Federal courts are reluctant to strike down otherwise valid laws because they might be pretext for the suppression of speech. But this case is more about contract law than free expression. And by invoking the Constitution’s contracts clause, and leaning on it so heavily, Disney is playing with fire. There is a reason this provision has sat moribund for nearly a century: Interpreted broadly, it could give courts immense power to help corporations and employers escape regulation. The federal judiciary should not be handed another open-ended invitation to halt progress at the behest of the unscrupulous and powerful — which, free speech gestures aside, is what this is.
Don’t misinterpret the writer. He regards DeSantis as a bigot and an instigator of anti-LGBTQ censorship. But a successful raising of the contracts clause would, in his view, begin to unravel 90 years of federal government regulation, dating back to the New Deal, in the name of good-deeds-doing. And he shudders.

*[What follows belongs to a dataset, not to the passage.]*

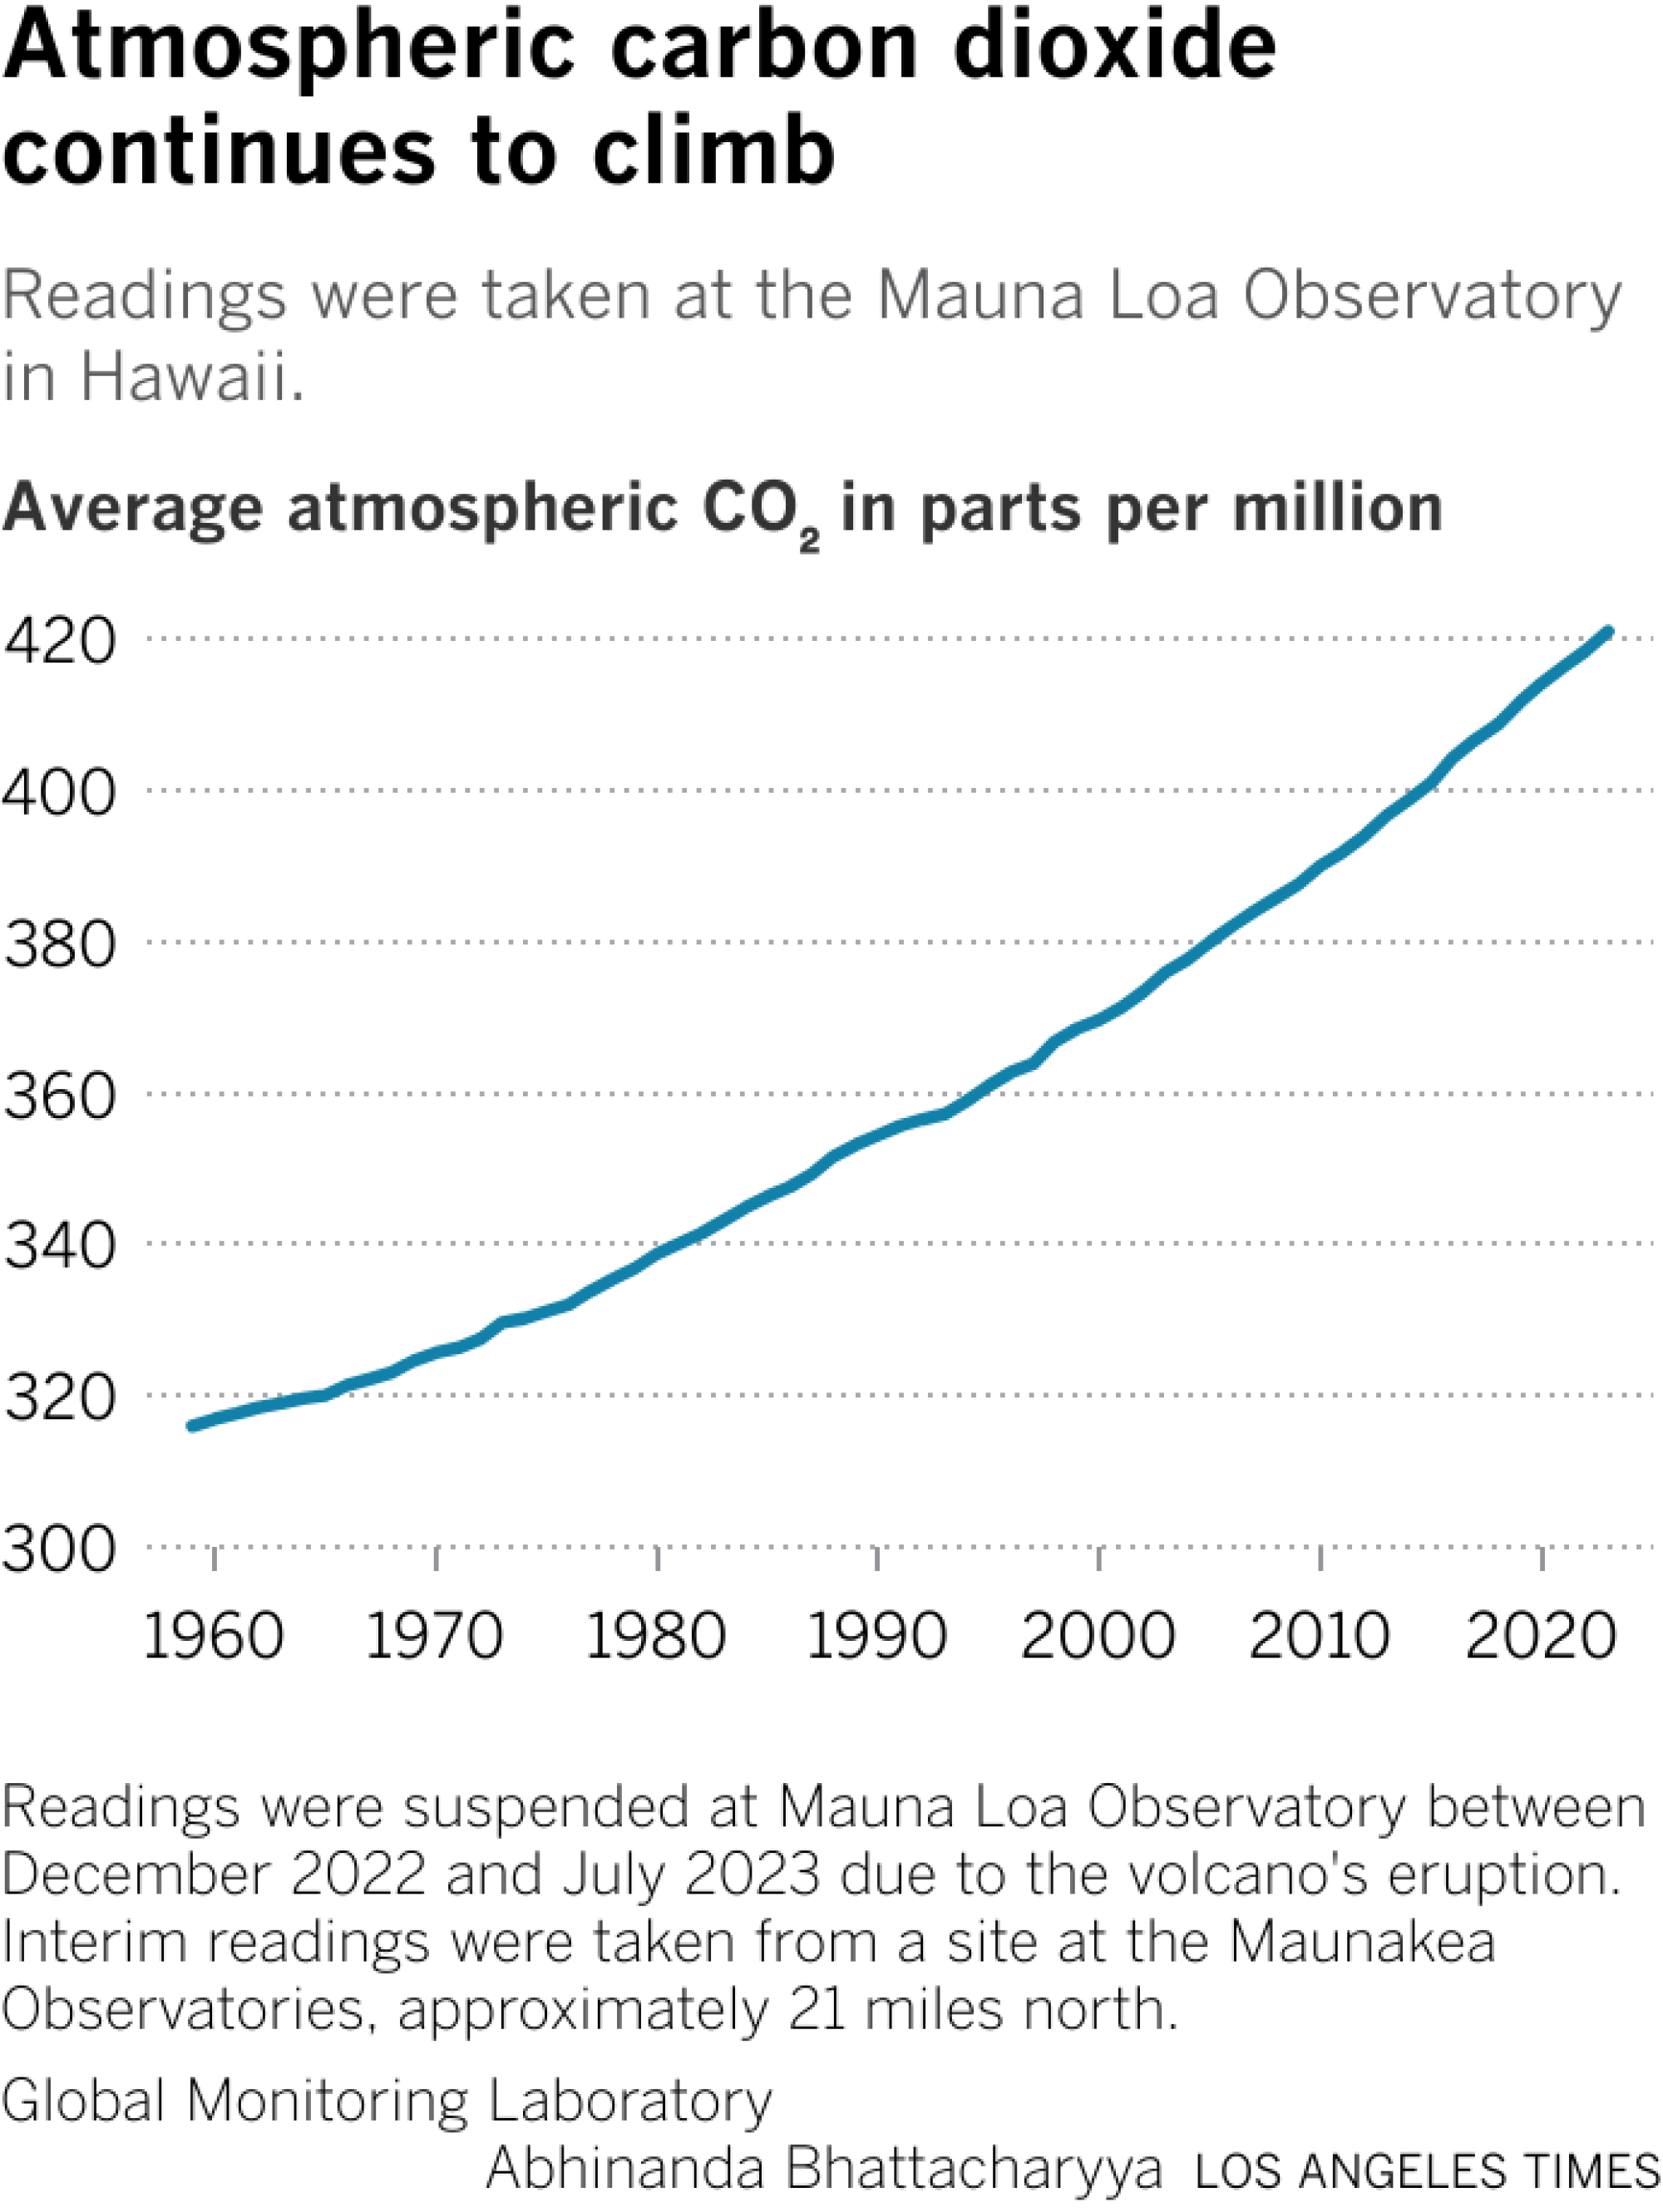 A line graph showing the steady increase in atmospheric carbon dioxide since 1958.

That’s why far-right anti-government groups like the New Civil Liberties Alliance encouraged the Supreme Court to use the COVID eviction cases to “reinvigorate” the clause: They sense an opportunity to restore it as a cudgel against progressive regulation. It would be a sadly ironic victory if the House of Mouse’s enlightened quest for justice empowered the courts to resurrect this dangerous zombie legal doctrine.
Wait. A gigantic corporate player launches a legal response to a conservative presidential candidate’s power play, and the ultimate potential outcome is a SCOTUS ruling that releases Washington’s iron fist from private enterprise, thereby simultaneously satisfying corporate player and presidential candidate?
Dan Brown, call your agent. This, patient readers, is a plot twist unimaginable by even the most brazen conspiracy-fixated novelist. If such a wild scenario is indeed afoot (please, please, please), who cares what Charlie Hurt thinks?